In the above example the collision name, base_link_fixed_joint_lump__front_bumper_plate_left_cl_collision_3, is the one you need to extract from the SDF file. Note that it can change if you make changes to your xacro / URDF file, so in that case you will need to extract it again.

Once you have defined the URDF Gazebo will generate contact messages when the bumper hits an object. These contact messages contain information describing where the contact occurred on the geometry mesh, so in theory I could have used this information to determine if the contact would trigger the left limit switch or the right limit switch or both. However that requires a decent amount of calculations which is both work and introduces the potential for errors. So I opted to split the bumper into two parts, one for the left side and one for the right side. If anything contacts anywhere on the left side I consider that a trigger for the left part of the bumper and similar for the right side.

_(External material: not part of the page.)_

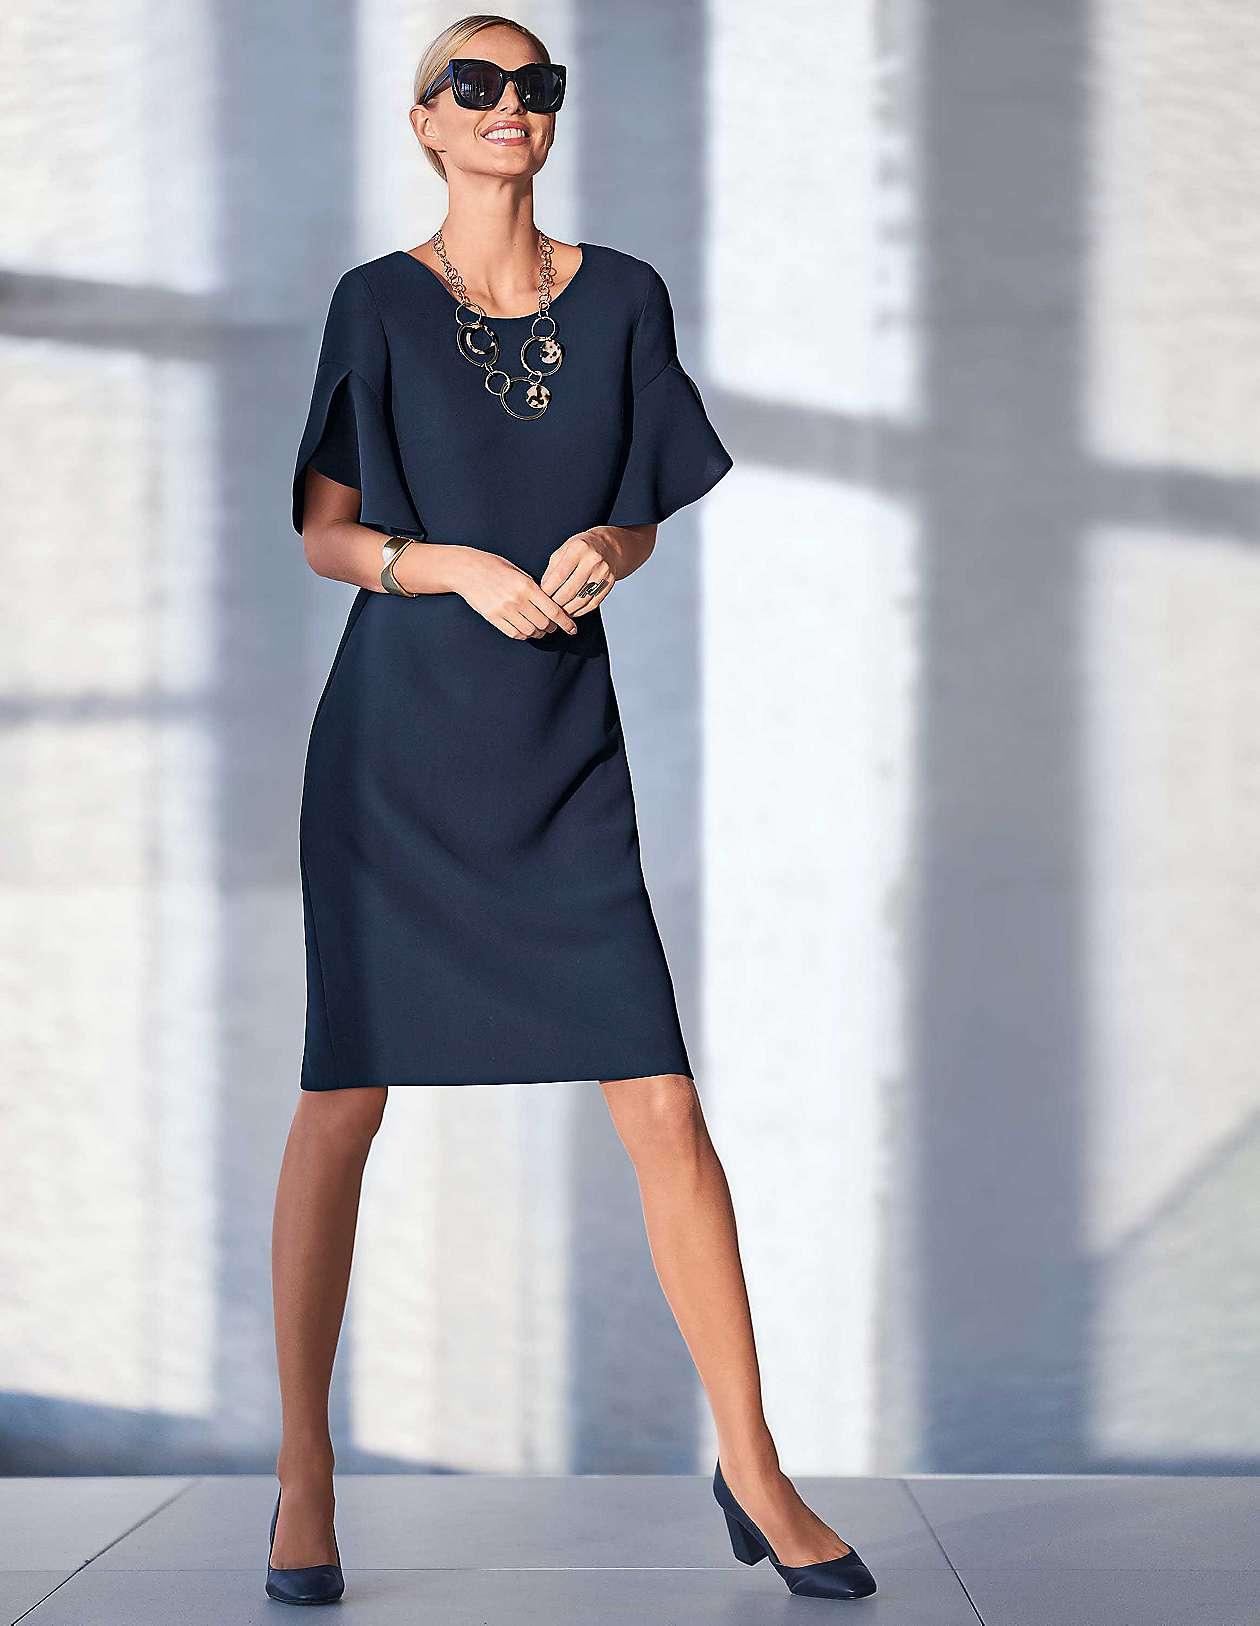 31a04af603b86 Elegante Kleider für stilvolle Auftritte bestellen | MADELEINE Mode

SCUTTLE with bumper in RViz
SCUTTLE with bumper in RViz

With the URDF work done I started writing the code for the different ROS nodes. First the gazebo translator node. This node subscribes to the ContactsState messages that Gazebo sends when the bumper geometry collides with something. These messages are then translated to a BumperEvent message for further processing.

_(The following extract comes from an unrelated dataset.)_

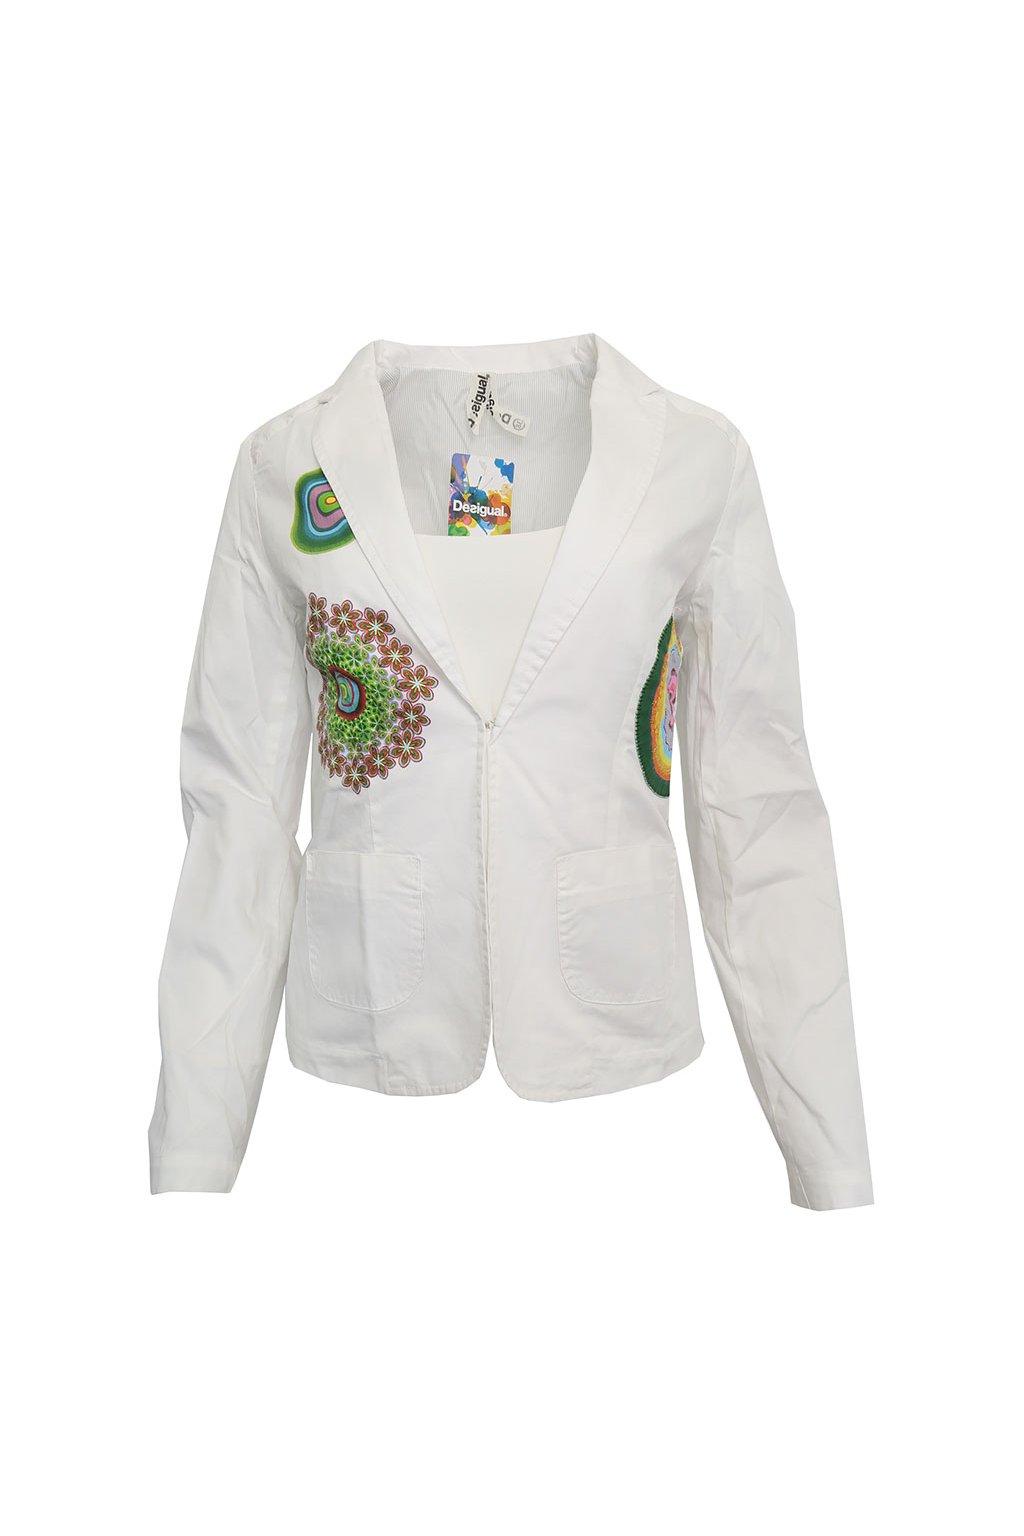 Bílé sako s barevnými koly Desigual

One interesting observation about the Gazebo contact messages are that they exhibit something similar to switch bounce, in other words it seems that the contact is intermittent even if the bumper plate is in solid contact with the object. I'm guessing that this is caused by the fact that calculating collisions between moving surfaces is difficult. In the end it doesn't matter what causes this behaviour though because we need to deal with it in some sensible way.

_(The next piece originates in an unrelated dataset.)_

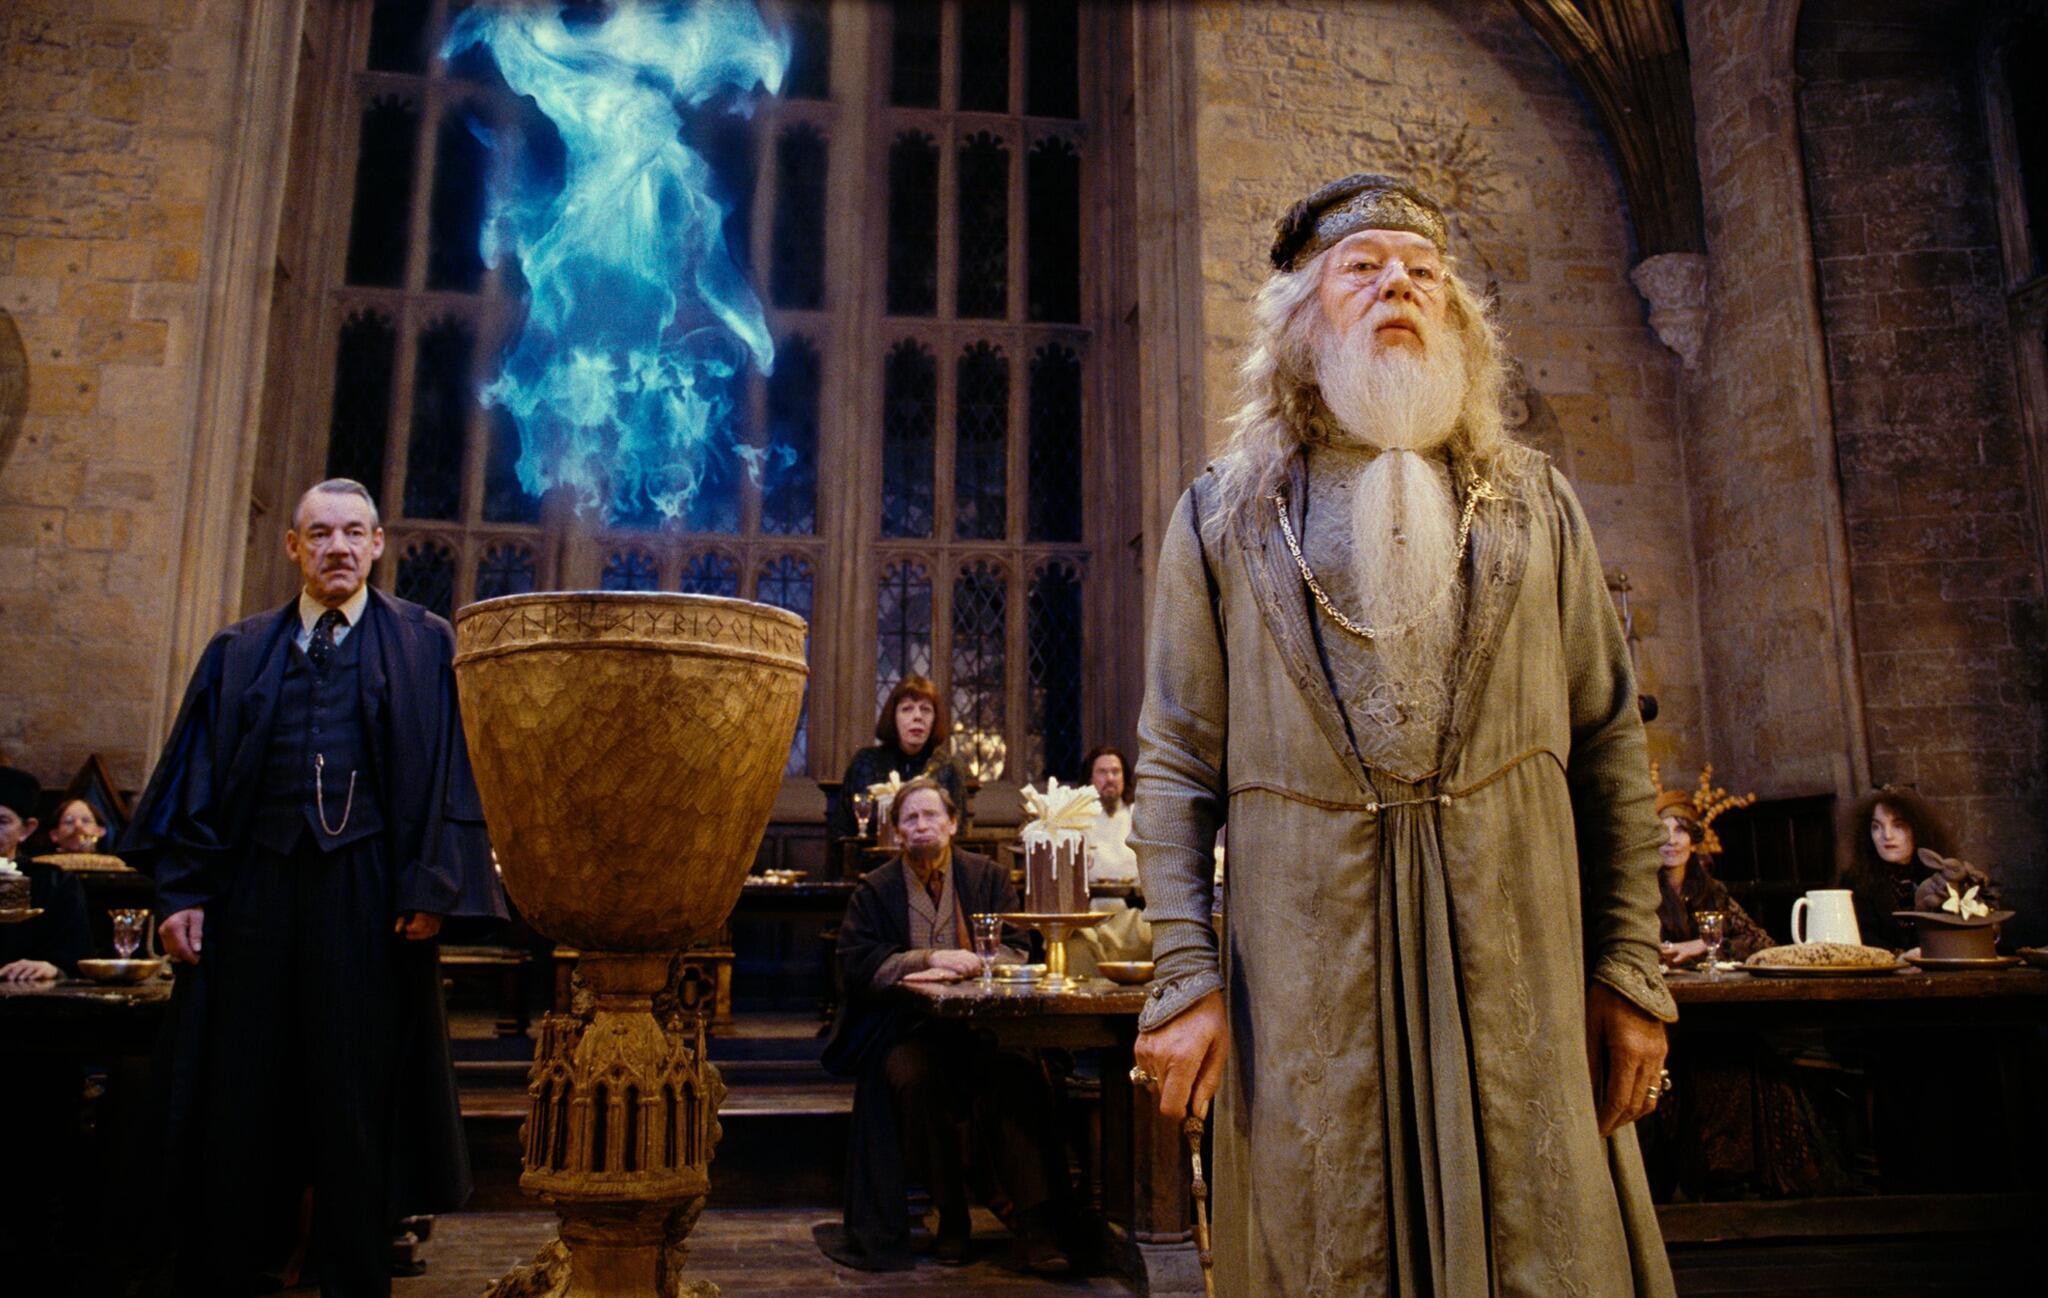 или пластичная картинки магия волшебство поттериана стали помогать, приняв

Once the bumper event messages have been generated they are processed by the second node. This node subscribes to both odometry events and bumper events. Internally it keeps track of the motion state of SCUTTLE. On reception of a bumper event the node sends a velocity command to stop the robot. Once the robot has stopped it sends commands for it to reverse course far enough that it is no longer contact with the obstacle.

One thing to note is that while the bumper code is working to reverse course after hitting an obstacle, the other parts of ROS, e.g. the navigation stack, are probably still trying to steer the robot in the original direction because those parts don't know about the obstacle. After all it is not on the navigation map. This results in many different velocity commands being send, which could be very confusing for the robot. One design decision was to make the bumper code unaware of other nodes. This was done because allowing the bumper code to supress velocity commands from other nodes would imply that the bumper code is always the most important publisher when it comes to velocity commands. There are cases where this isn't true, e.g. when using the bumpers to park SCUTTLE against a specific object like in the case of a docking station.

To ensure that a consistent set of velocity commands are sent to the motors I used the twist multiplexer node which takes in velocity commands from many nodes and forwards them using a priority-based scheme. In the current implementation the priorities are, from low to high

  • Navigation
  • Keyboard
  • Bumper
  • Joypad / Joystick

By using the twist multiplexer mode it is easy for users to change the priority by changing a configuration file instead of having to change the bumper code.

With that the bumper code is able to make SCUTTLE respond to objects it bumps into. The next step in the process of adding bump sensors to SCUTTLE is to assemble the electronic components so that the movement of the bumper can be registered and reported to the software components.

Finally a addition to the software that needs to be made is the ability to add the obstacles in the navigation map so that SCUTTLE can navigate around the newly discovered obstacles.